# Children already in Singapore



## jworrall73 (Jan 5, 2015)

Hi,

In 2011, my Singaporean wife took our three kids from our home in Canada to Singapore on "vacation". On a previous visit, without my knowing, she had filed paperwork to make the children Singaporean citizens (they were all born in the United States) and even enrolled them in school in Singapore.

While on "vacation" in May of 2011, she filed for divorce in a Singaporean court, and simply absconded with the kids. I was not represented in the divorce proceedings, and my (now ex) wife was granted custody of the children. 

Since then, I've been trying to find a way to relocate to Singapore to be closer to my children. 

The only avenue I've really tried (other than talking fruitlessly to the US, Canadian and Singaporean state departments about child abduction) is to apply for jobs in Singapore (I'm a game producer/project manager), but thus far have had no luck finding work there.

Does anyone know if I'm somehow able to acquire entry status to the country on account of my children living there? I'm not sure where to look to figure this out. 

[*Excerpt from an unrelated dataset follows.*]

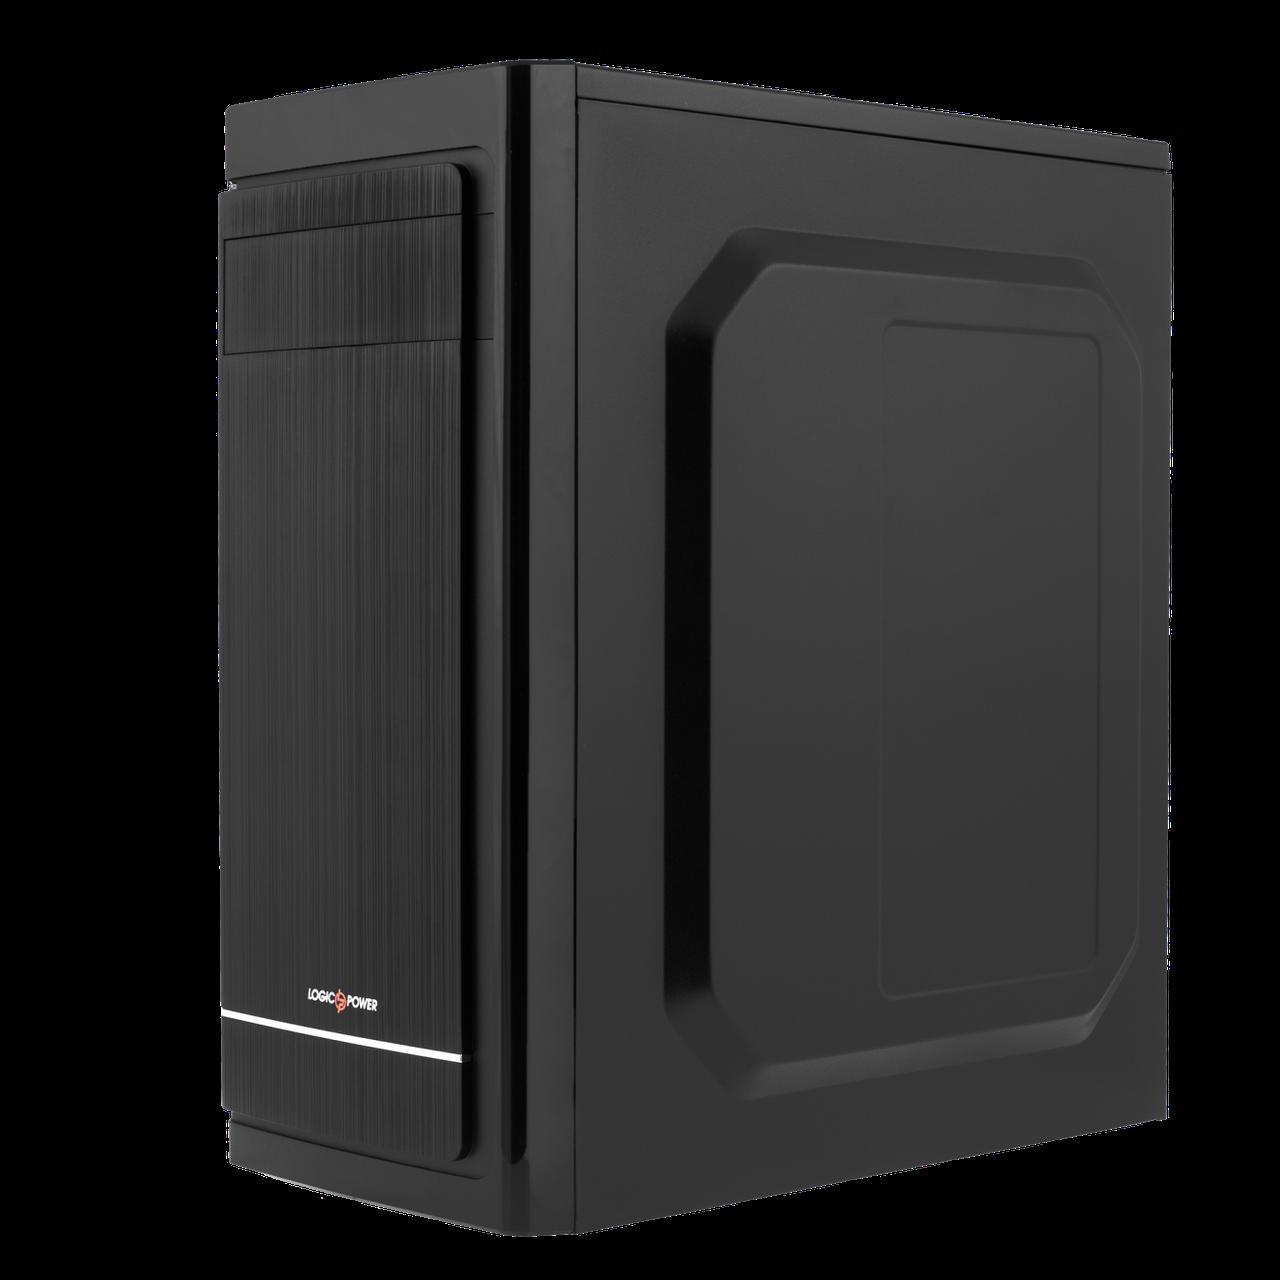 Корпус LP 2006-500W 12см black case chassis cover

Side note - I've had a lot of mental health/depression problems since losing my children, and am now financially broke. It has not been a good few years for me - I don't have the money to afford to live in Singapore, but want to figure out what my options are. I hate the idea of giving up on my kids.


----------



## simonsays (Feb 11, 2009)

if you hold a Canadian Passport, you will be allowed to stay upto 89 days per entry

beyond that, unless you have been communicating with your children, extension is not likely unless you do a visa run

and .. I am not sure how old you are, but there are a few mobile app/game development centers here always looking for talent !

for your case, Singapore has no Department, it is the ministry of x or y or z

You case would have been routed by the Ministry of Social and Family Development

Unlikely you would have been uncontacted, if you had not done your proper process, in the family court

Singapore is not pro-divorce, it is the opposite, and govt pulls all stops to keep families intact

I wonder what went wrong on your side, though I don't want to hear


----------



## BBCWatcher (Dec 28, 2012)

Being broke makes things difficult all around. Fix that first if at all possible.

Malaysia's "My Second Home" visa program might make sense after fixing problem #1. In principle you could live in Johor Bahru across the causeway and take a $2 bus ride to see your kids (or vice versa).


----------



## beppi (Jun 10, 2013)

If you lost legal custody for your kids, they cannot help you at all in getting a visa for Singapore.
With legal custody, you could get a guardian visa, although that does not allow work during the first twelve months.


----------